What Is It and Can It Be Useful

A Brief Introduction

You can define distributed computing many different ways. Various vendors have created and marketed distributed computing systems for years, and have developed numerous initiatives and architectures to permit distributed processing of data and objects across a network of connected systems. They have developed a virtual environment where you can harness idle CPU cycles and storage space of tens, hundreds, or thousands of networked systems to work together on a particularly processing-intensive problem. The growth of such processing models has been limited, however, due to a lack of compelling applications and by bandwidth bottlenecks, combined with significant security, management, and standardization challenges. A number of new vendors have appeared to take advantage of the promising market; including Intel, Microsoft, Sun, and Compaq that have validated the importance of the concept.1 Also, an innovative worldwide distributed computing project whose goal is to find intelligent life in the universe--SETI@Home--has captured the imaginations, and desktop processing cycles of millions of users and desktops.

How It Works

The most powerful computer in the world, according to a recent ranking, is a machine called Janus, which has 9,216 Pentium Pro processors2. That's a lot of Pentiums, but it's a pretty small number in comparison with the 20 million or more processors attached to the global Internet. If you have a big problem to solve, recruiting a few percent of the CPUs on the Net would gain you more raw power than any supercomputer on earth. The rise of cooperative-computing projects on the Internet is both a technical and a social phenomenon. On the technical side, the key requirement is to slice a problem into thousands of tiny pieces that can be solved independently, and then to reassemble the answers. The social or logistical challenge is to find all those widely dispersed computers and persuade their owners to make them available.
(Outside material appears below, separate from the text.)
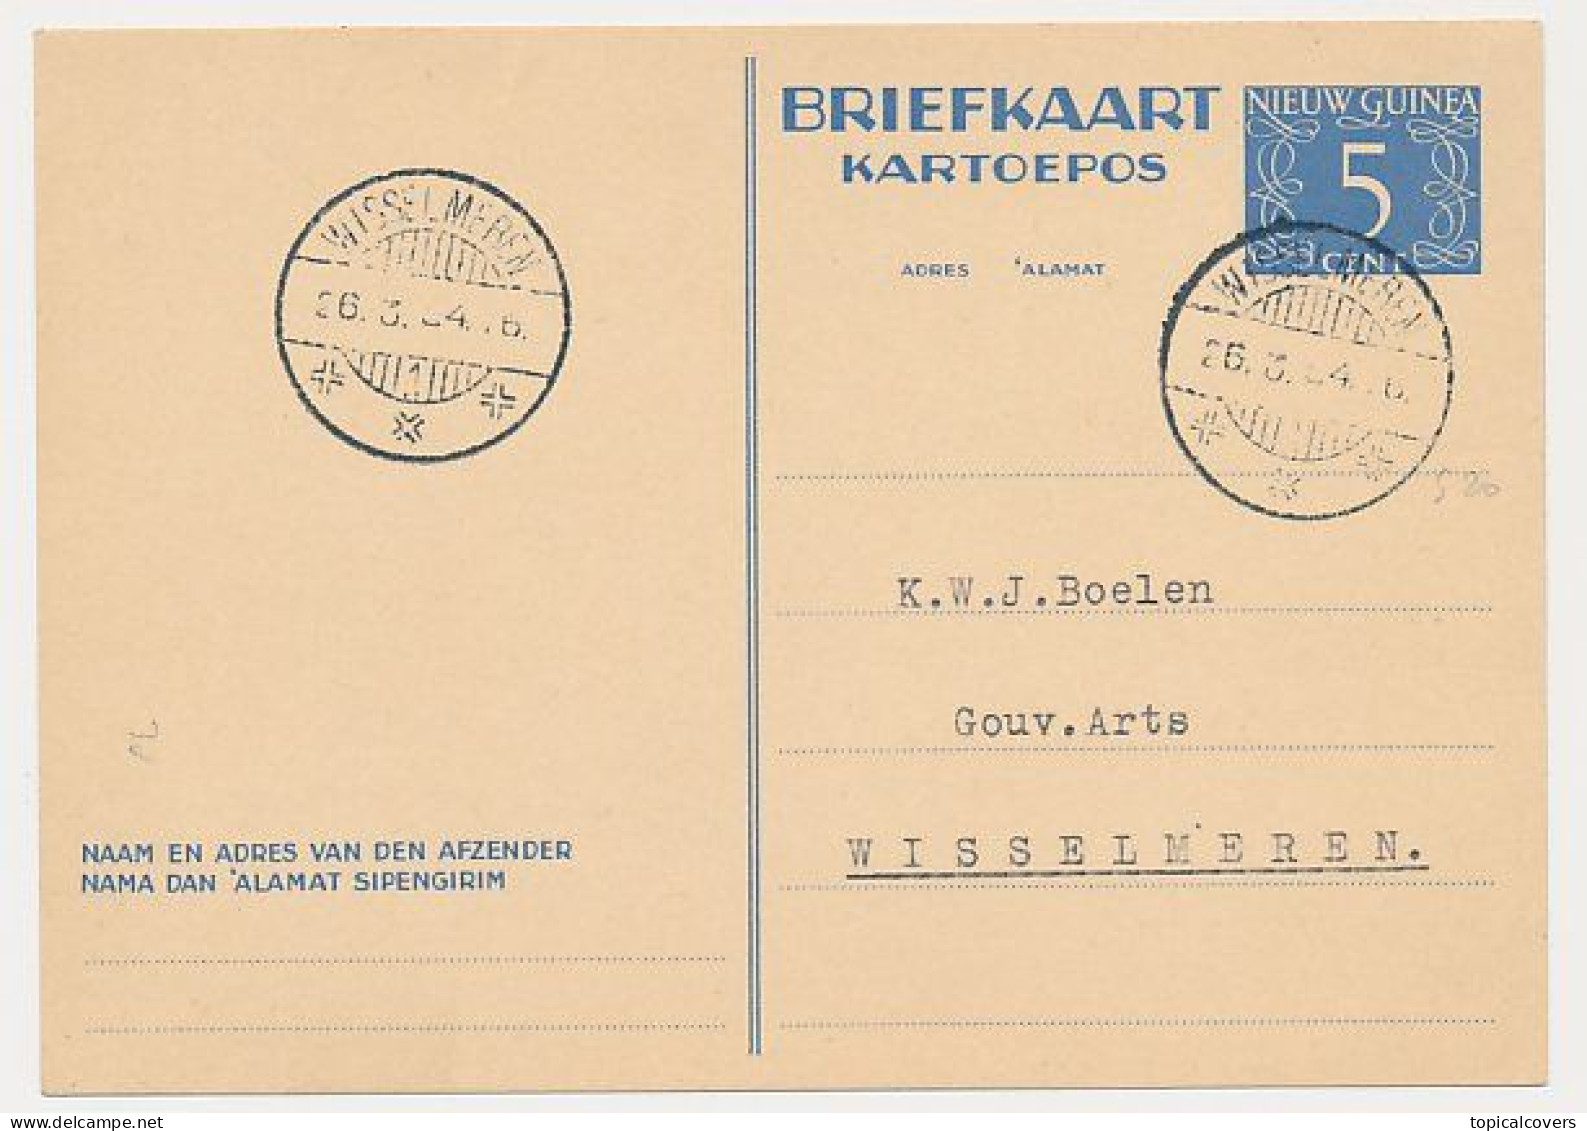 Nederlands Nieuw Guinea / NNG - Briefkaart G. 1 Wisselmeren 1954 - Niederländisch-Neuguinea

In most cases today, a distributed computing architecture consists of very lightweight software agents installed on a number of client systems, and one or more dedicated distributed computing management servers. There may also be requesting clients with software that allows them to submit jobs along with lists of their required resources. An agent running on a processing client detects when the system is idle, notifies the management server that the system is available for processing, and usually requests an application package. The client then receives an application package from the server and runs the software when it has spare CPU cycles, and sends the results back to the server. The application may run as a screen saver, or simply in the background, without impacting normal use of the computer. If the user of the client system needs to run his own applications at any time, control is immediately returned, and processing of the distributed application package ends.3 This must be essentially instantaneous, as any delay in returning control will probably be unacceptable to the user.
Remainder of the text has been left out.